## Your instructions
Figure out how many lines of the material below contain the word "Bedroom". Answer with the number only.

## Records provided
○ ○ ○ ○ ○ ○ ○

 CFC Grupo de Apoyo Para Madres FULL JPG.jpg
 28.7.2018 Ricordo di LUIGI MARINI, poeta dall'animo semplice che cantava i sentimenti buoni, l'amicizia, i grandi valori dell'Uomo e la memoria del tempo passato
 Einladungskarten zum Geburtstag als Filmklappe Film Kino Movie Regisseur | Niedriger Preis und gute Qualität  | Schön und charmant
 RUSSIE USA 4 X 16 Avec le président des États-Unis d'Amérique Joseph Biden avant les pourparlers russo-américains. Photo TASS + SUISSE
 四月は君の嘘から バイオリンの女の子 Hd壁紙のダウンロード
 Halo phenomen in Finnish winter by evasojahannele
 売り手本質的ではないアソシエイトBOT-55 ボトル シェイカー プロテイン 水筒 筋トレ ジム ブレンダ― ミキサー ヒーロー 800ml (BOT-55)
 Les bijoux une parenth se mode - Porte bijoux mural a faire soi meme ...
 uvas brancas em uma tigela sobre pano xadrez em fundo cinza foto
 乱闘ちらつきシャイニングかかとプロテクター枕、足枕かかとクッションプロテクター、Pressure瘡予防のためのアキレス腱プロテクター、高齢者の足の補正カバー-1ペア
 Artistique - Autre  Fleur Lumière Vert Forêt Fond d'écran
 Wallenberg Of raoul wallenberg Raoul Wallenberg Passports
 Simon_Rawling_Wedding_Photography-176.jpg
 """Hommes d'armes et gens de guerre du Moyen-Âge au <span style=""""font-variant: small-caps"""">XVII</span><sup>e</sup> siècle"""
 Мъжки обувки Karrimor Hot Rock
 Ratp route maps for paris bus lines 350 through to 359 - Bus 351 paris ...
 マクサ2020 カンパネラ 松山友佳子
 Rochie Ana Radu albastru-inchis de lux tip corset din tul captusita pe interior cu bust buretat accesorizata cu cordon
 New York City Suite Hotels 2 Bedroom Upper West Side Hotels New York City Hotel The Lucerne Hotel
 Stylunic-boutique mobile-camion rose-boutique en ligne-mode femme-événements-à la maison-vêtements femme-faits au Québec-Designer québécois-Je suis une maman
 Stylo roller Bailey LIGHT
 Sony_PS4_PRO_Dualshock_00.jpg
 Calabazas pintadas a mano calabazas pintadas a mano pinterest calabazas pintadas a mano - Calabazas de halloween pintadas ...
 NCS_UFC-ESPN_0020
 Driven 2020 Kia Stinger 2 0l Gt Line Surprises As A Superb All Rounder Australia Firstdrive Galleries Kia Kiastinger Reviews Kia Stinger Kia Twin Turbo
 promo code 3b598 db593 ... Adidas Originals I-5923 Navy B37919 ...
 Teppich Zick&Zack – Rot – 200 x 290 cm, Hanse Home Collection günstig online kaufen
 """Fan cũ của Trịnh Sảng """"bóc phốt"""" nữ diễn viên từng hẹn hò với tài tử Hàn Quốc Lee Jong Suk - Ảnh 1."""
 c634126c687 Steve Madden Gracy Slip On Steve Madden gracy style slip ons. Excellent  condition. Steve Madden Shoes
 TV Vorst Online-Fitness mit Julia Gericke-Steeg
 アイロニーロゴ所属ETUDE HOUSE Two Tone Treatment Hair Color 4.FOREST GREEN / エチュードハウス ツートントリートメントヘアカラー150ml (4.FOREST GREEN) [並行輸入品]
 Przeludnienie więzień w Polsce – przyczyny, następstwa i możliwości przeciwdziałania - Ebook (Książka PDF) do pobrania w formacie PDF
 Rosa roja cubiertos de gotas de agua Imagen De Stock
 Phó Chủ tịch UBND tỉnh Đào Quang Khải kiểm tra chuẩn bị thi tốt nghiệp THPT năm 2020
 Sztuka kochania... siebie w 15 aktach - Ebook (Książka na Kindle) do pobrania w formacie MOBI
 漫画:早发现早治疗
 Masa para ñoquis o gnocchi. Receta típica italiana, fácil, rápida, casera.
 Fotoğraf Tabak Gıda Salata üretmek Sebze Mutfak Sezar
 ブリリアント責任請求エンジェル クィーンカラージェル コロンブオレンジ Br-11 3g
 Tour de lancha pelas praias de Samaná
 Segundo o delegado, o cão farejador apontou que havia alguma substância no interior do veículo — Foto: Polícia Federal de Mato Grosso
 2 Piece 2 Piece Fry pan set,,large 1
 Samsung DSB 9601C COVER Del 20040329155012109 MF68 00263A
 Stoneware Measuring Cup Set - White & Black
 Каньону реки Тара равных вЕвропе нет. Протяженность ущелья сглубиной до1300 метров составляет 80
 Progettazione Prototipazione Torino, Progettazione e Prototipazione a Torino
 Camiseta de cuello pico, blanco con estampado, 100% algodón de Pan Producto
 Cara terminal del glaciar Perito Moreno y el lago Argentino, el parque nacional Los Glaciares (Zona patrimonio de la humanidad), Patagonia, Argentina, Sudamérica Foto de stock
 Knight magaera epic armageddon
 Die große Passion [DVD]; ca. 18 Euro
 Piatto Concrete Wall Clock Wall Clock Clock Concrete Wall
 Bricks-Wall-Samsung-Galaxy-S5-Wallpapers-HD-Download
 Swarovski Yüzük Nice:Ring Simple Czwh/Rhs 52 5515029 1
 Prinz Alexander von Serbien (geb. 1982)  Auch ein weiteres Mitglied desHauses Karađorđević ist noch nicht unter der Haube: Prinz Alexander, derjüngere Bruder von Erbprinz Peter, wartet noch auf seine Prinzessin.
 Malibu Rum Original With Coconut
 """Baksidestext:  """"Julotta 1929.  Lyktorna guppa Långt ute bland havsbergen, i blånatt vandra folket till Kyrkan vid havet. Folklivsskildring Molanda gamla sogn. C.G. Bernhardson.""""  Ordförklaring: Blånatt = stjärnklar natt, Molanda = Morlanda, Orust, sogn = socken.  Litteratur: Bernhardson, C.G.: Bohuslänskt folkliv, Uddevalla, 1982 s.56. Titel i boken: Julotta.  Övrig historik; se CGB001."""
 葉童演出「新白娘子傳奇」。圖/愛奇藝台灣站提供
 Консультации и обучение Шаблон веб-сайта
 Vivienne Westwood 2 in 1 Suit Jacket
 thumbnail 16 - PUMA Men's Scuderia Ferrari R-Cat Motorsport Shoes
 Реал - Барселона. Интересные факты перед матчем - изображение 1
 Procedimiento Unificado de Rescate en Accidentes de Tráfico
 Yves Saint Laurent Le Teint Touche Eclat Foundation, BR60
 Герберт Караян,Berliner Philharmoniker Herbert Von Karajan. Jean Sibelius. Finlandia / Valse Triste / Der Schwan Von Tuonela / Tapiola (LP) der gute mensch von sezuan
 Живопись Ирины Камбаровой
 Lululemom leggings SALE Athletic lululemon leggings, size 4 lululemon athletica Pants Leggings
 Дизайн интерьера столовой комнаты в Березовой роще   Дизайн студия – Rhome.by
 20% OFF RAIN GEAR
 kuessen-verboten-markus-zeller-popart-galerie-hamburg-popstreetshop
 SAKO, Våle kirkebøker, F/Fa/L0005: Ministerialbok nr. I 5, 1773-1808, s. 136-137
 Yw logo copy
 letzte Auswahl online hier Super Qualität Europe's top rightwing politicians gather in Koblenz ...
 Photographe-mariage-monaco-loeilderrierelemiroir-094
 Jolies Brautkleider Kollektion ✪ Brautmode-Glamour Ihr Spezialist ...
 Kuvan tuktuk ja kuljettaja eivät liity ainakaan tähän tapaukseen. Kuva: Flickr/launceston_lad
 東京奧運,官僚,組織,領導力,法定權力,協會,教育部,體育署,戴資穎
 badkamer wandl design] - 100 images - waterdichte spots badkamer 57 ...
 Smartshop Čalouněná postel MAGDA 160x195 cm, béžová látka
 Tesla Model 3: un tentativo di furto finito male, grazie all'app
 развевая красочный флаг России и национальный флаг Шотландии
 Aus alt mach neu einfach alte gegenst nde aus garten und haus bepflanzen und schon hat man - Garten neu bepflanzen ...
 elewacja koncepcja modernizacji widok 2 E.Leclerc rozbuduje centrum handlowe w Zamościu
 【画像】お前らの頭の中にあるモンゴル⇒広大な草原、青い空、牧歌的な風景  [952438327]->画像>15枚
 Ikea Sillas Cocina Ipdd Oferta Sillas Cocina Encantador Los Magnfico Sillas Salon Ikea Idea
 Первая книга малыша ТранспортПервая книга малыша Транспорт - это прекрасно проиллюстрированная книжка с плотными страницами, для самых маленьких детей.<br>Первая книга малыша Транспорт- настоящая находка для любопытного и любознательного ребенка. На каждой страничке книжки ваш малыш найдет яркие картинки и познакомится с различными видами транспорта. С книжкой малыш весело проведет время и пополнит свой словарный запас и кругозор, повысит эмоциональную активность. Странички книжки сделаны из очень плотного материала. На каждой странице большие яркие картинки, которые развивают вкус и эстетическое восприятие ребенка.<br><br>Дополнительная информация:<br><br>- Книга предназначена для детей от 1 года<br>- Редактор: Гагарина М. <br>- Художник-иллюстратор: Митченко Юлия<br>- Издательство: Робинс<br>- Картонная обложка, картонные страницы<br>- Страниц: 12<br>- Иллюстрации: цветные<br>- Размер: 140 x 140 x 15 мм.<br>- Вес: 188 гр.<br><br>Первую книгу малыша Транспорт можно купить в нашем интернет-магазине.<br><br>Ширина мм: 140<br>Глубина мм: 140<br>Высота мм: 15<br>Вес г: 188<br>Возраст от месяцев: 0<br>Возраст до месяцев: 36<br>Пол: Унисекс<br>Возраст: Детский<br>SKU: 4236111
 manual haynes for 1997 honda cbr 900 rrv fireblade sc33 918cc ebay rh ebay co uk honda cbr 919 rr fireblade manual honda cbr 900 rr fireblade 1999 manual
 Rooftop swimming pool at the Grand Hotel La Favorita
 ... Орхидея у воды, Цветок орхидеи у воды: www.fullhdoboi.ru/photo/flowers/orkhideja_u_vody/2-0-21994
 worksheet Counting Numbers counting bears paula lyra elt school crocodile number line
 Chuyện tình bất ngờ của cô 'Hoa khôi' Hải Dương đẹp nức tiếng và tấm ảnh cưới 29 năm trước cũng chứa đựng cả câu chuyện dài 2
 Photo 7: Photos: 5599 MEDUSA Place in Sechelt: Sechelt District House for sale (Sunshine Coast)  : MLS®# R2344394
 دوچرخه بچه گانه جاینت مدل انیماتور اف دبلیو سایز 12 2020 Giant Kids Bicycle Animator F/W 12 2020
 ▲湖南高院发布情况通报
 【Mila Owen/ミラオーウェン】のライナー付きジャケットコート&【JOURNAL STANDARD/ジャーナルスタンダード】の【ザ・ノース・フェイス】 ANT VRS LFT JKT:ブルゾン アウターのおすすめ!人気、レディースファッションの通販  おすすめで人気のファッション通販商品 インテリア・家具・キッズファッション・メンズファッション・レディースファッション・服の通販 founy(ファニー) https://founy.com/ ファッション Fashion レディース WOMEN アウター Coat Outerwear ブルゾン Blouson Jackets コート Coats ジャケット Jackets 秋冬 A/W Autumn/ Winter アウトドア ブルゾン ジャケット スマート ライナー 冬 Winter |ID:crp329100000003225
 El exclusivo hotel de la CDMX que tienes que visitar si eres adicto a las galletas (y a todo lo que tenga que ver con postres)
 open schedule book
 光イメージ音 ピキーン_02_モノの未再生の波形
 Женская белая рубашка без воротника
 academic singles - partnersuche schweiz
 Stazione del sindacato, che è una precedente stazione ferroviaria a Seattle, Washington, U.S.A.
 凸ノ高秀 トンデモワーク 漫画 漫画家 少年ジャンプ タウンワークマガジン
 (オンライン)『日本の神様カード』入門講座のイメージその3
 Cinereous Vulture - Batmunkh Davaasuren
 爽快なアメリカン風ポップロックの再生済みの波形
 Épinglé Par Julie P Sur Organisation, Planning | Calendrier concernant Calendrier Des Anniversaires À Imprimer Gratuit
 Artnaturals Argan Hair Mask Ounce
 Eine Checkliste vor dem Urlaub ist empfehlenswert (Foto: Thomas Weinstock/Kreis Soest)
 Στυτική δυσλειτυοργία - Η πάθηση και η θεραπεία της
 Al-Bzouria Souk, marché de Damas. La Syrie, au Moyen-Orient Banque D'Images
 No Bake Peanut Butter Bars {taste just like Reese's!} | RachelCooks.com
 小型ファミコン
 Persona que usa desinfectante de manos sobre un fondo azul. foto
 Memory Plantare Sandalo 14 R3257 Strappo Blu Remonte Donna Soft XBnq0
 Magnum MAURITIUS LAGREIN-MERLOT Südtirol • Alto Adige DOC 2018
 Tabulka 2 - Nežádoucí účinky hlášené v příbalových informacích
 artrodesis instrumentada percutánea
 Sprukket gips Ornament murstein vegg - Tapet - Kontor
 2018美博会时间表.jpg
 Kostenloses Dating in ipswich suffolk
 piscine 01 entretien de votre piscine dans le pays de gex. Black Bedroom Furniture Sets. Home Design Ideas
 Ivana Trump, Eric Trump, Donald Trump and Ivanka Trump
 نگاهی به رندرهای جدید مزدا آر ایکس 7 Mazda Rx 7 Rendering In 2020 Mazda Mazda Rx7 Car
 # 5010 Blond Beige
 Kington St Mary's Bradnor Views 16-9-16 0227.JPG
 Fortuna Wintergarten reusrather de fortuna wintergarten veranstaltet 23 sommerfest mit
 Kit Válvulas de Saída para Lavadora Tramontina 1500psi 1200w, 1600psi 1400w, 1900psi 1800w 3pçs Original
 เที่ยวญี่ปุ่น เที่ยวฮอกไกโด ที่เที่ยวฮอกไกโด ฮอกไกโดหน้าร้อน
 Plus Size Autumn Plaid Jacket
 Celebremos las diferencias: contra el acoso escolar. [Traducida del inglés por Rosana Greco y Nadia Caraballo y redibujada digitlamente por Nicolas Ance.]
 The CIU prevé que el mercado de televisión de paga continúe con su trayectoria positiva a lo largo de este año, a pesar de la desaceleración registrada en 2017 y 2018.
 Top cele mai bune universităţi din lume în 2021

○ ○ ○ ○ ○ ○ ○

## Final answer
2